2024 UCI Asia Tour

Details
- Dates: 22 October 2023 – 14 October 2024
- Location: Asia
- Races: 26

= 2024 UCI Asia Tour =

Sports season

The 2024 UCI Asia Tour was the 20th season of the UCI Asia Tour. The season began on 22 October 2023 with the Hong Kong Cyclothon in Hong Kong and ended on 14 October 2024.

The points leader, based on the cumulative results of previous races, wore the UCI Asia Tour cycling jersey.

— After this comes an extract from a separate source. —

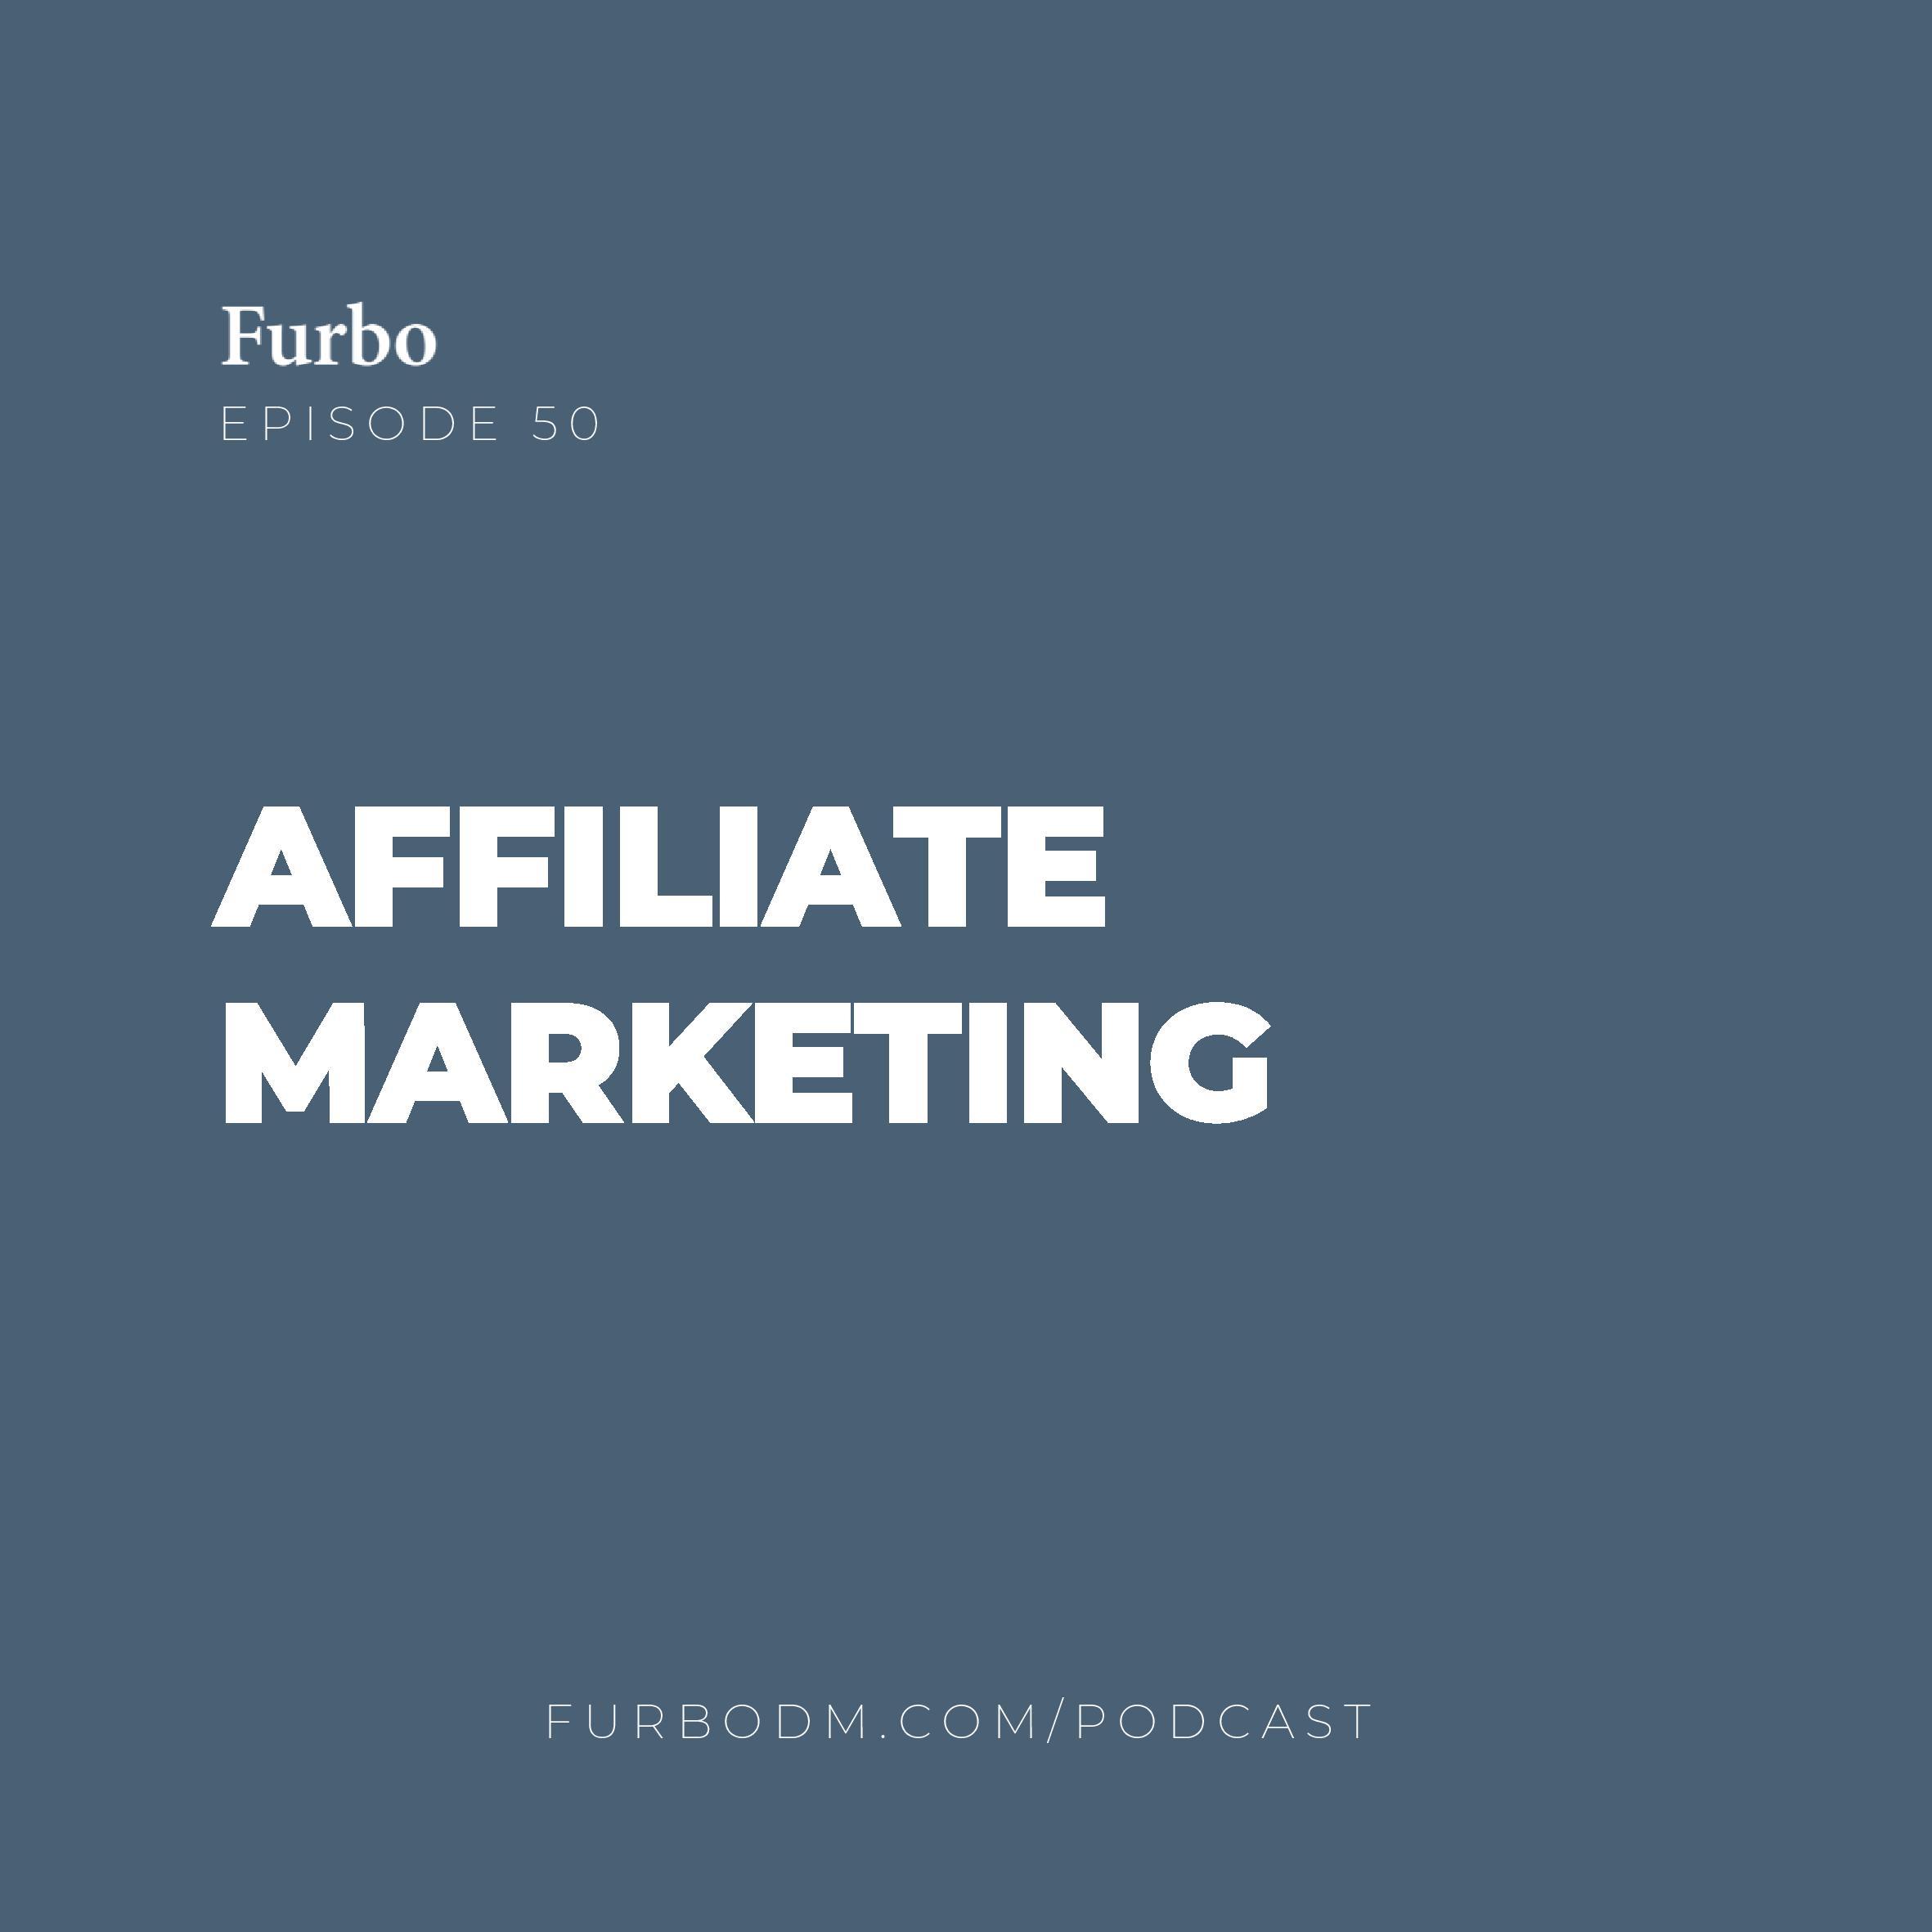 E50: Affiliate Marketing | سیستم همکاری در فروش یا افیلیت مارکتینگ چیست و چگونه کار میکند؟
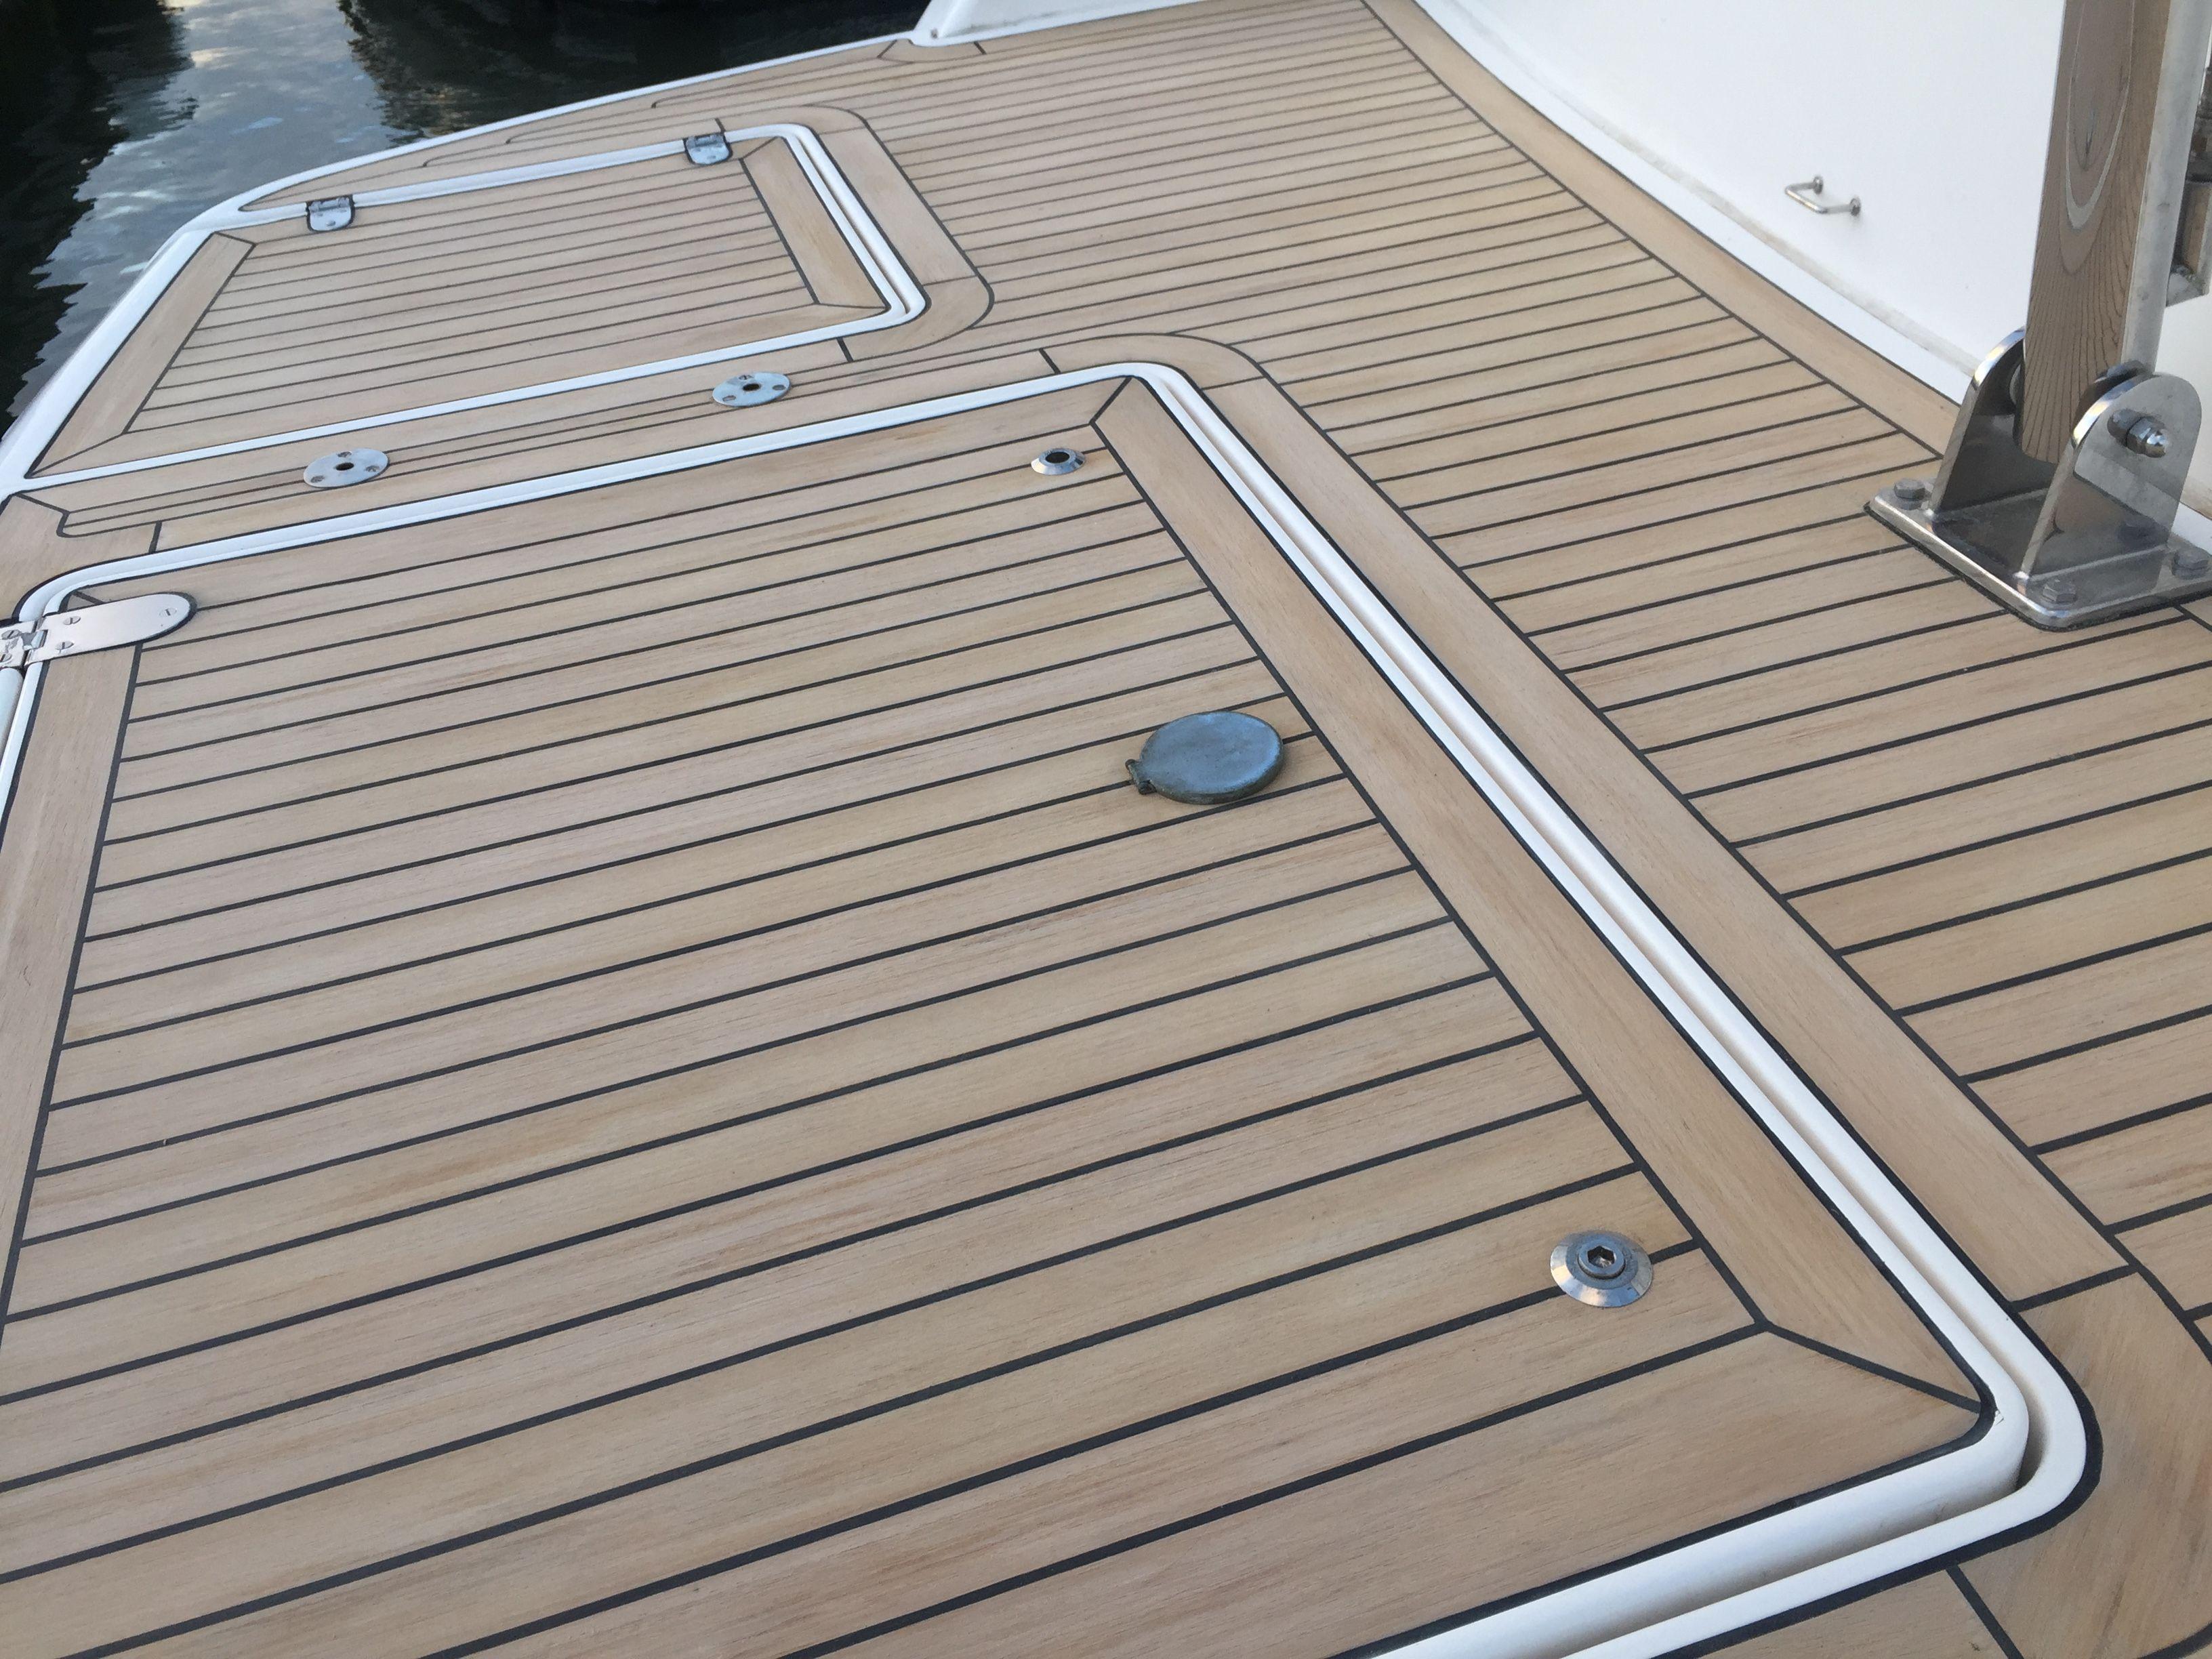 Marine vinyl woven flooring for Plastic decking material

Throughout the season, points were awarded to the top finishers of stages within stage races and the final general classification standings of each of the stages races and one-day events. The quality and complexity of a race also determined how many points were awarded to the top finishers, the higher the UCI rating of a race, the more points were awarded.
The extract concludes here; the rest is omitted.